_Saved entries_:

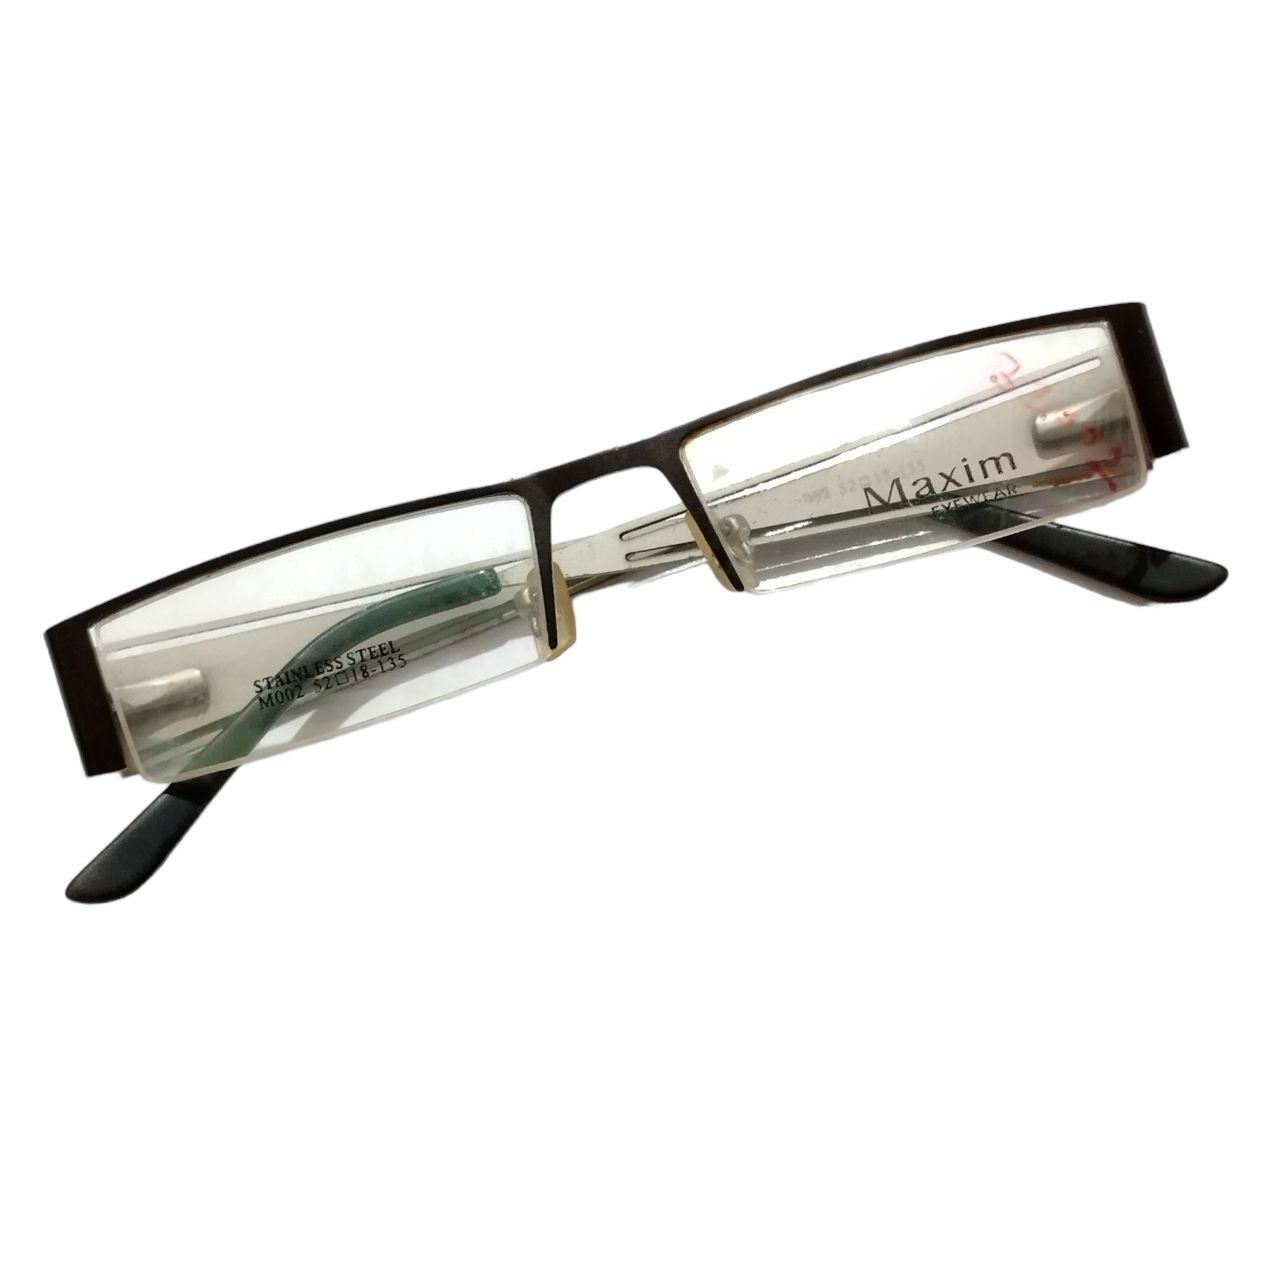 Rectangle Black Supra Stainless Steel Spectacle Frame Glasses
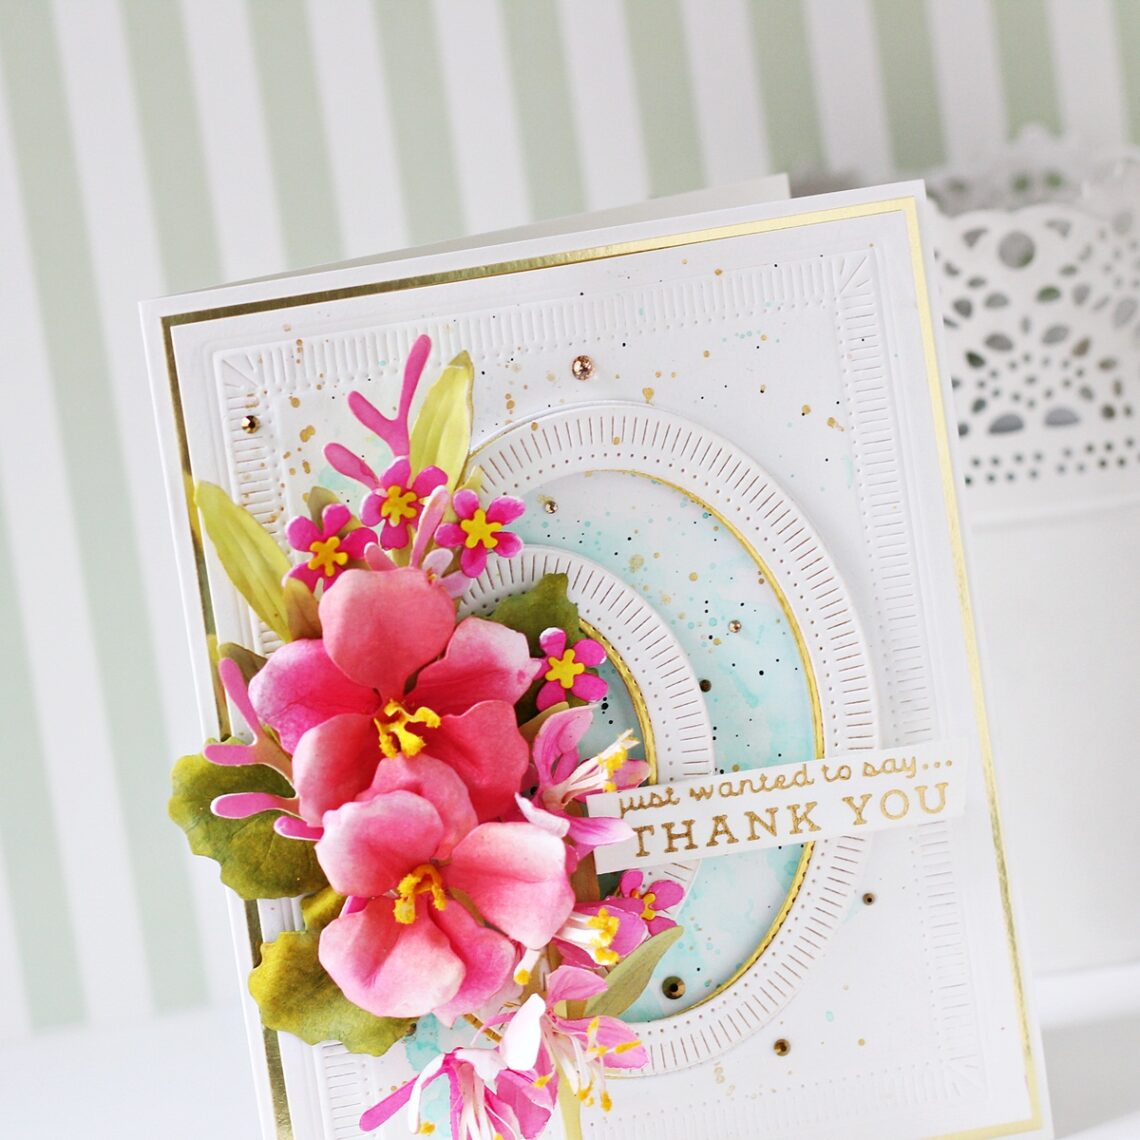 Layered Floral Handmade Cards featuring Susan's Through The Garden Gate ...
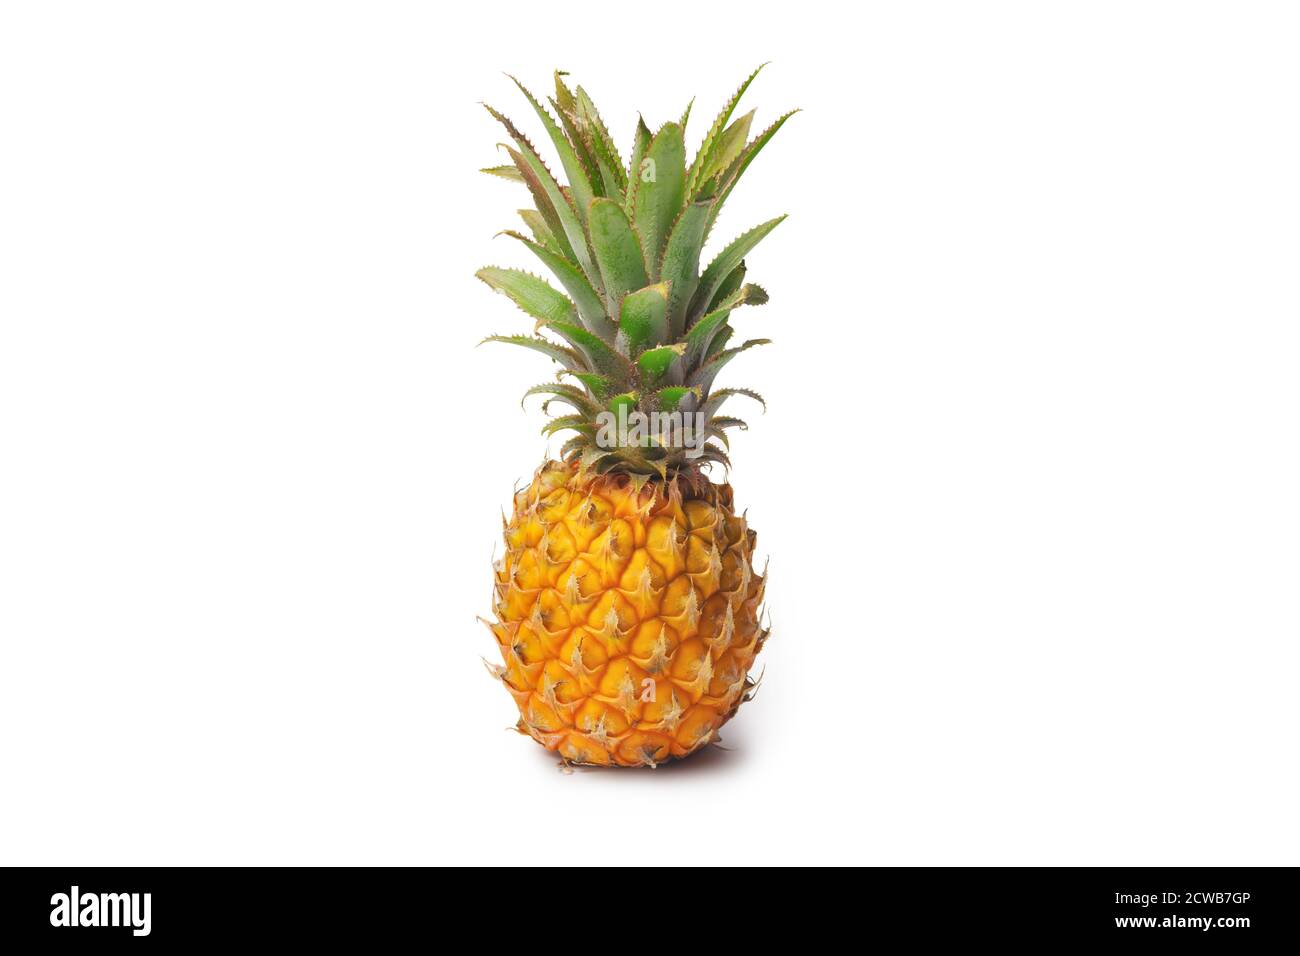 Isolated pineapple on a white background. Exotic fruits. Stock Photo
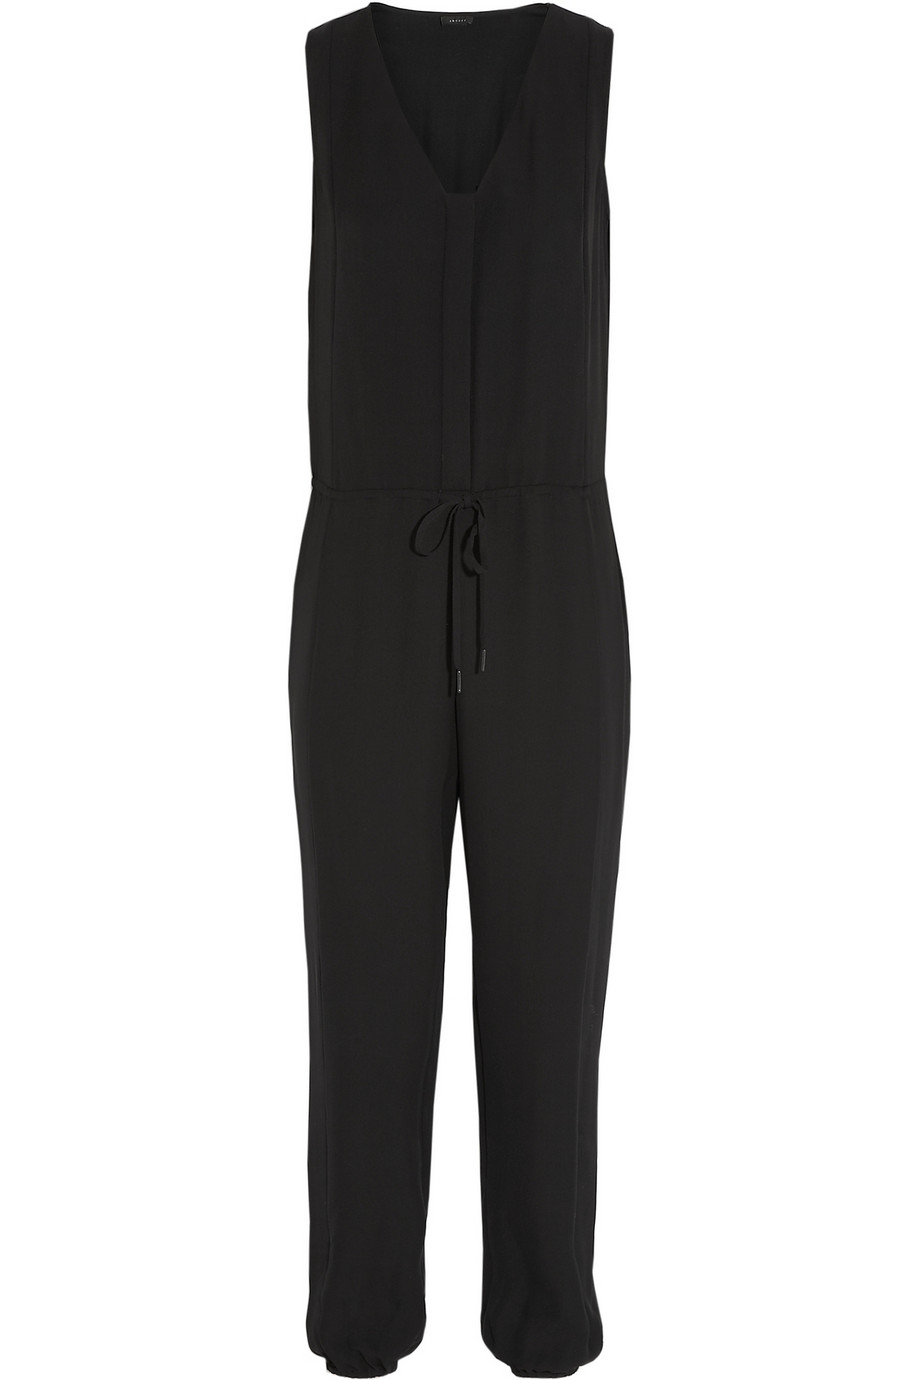 Theory Silk-Crepe Jumpsuit in Black | Lyst
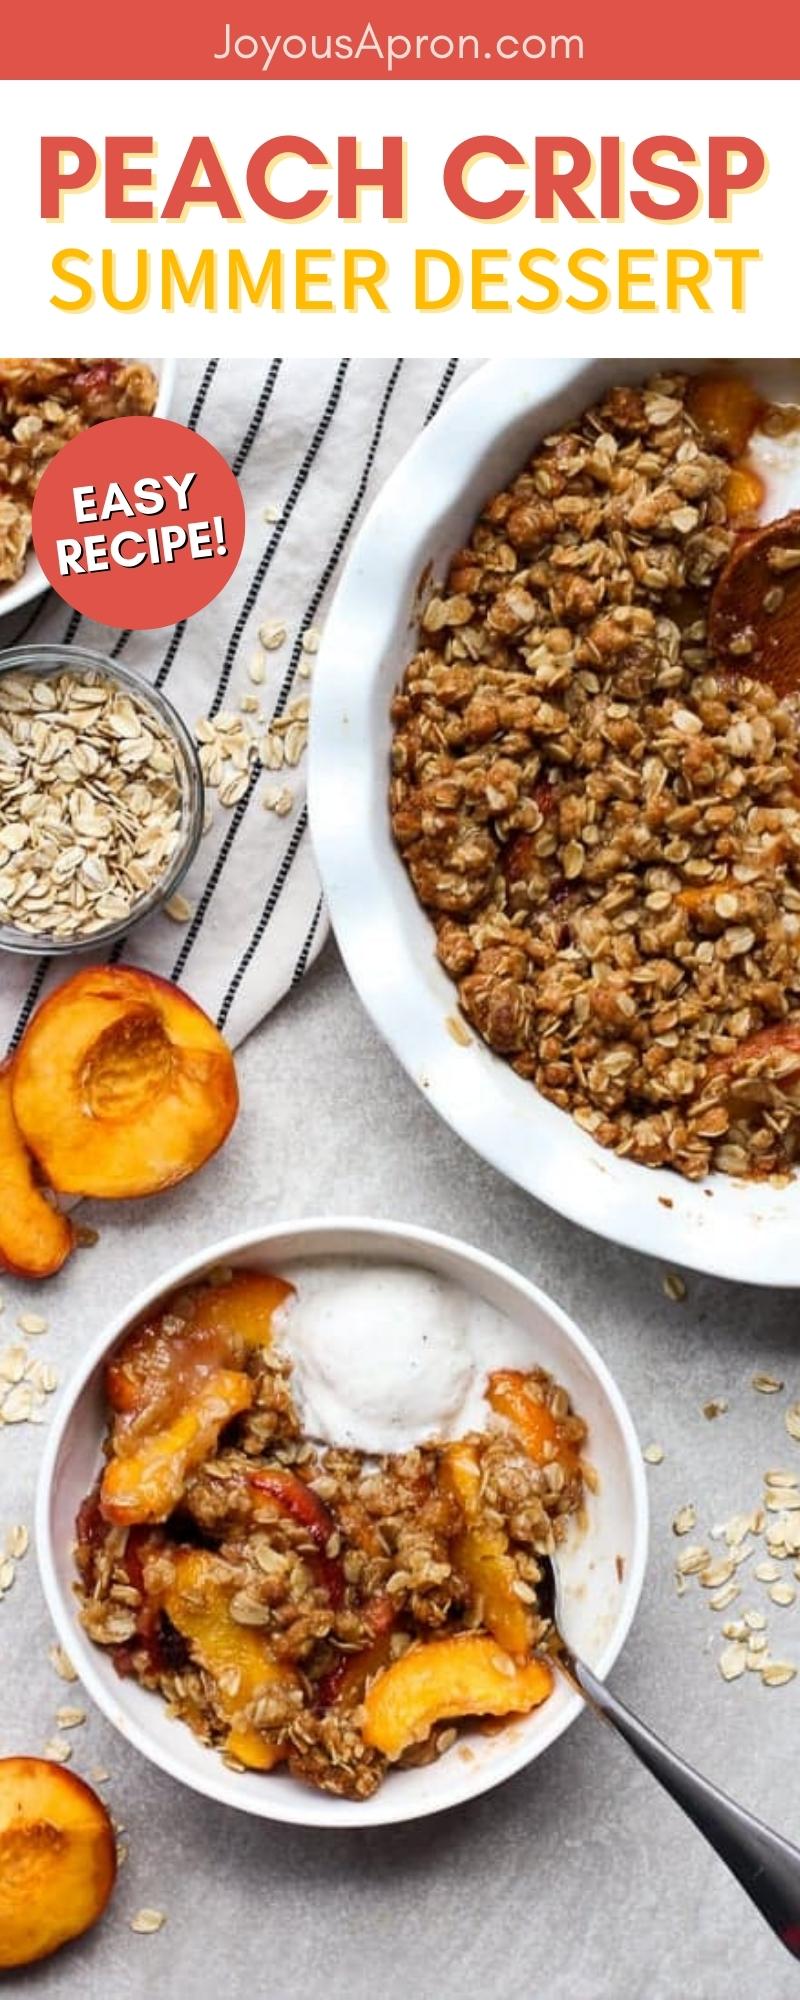 Easy Peach Crisp - The perfect summer fruit dessert! This sweet treat is easy to make and super delicious! Top with vanilla ice cream for the perfect treat! via @joyousapron
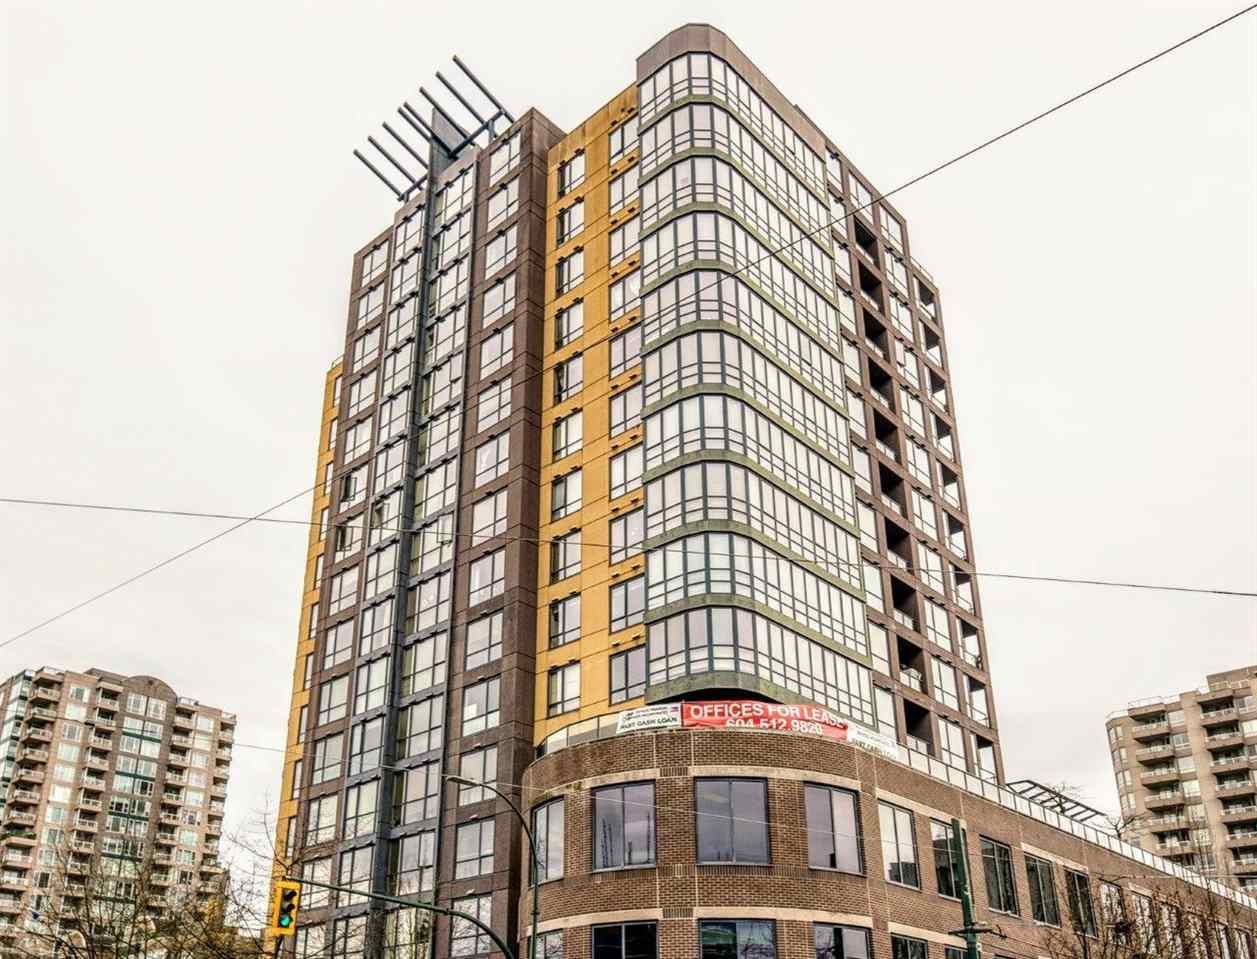 Main Photo: 1103 3438 VANNESS AVENUE in Vancouver: Collingwood VE Condo for sale (Vancouver East)  : MLS®# R2169737

_PROBLEM TO WORK ON_:
The expected output is an exact retyping of the lines from the line with "Theory Silk-Crepe Jumpsuit in Black | Lyst" through the last line of the data, with both ends kept and the pictures dropped.

_SOLUTION TO THIS PROBLEM_:
 Theory Silk-Crepe Jumpsuit in Black | Lyst
 Easy Peach Crisp - The perfect summer fruit dessert! This sweet treat is easy to make and super delicious! Top with vanilla ice cream for the perfect treat! via @joyousapron
 Main Photo: 1103 3438 VANNESS AVENUE in Vancouver: Collingwood VE Condo for sale (Vancouver East)  : MLS®# R2169737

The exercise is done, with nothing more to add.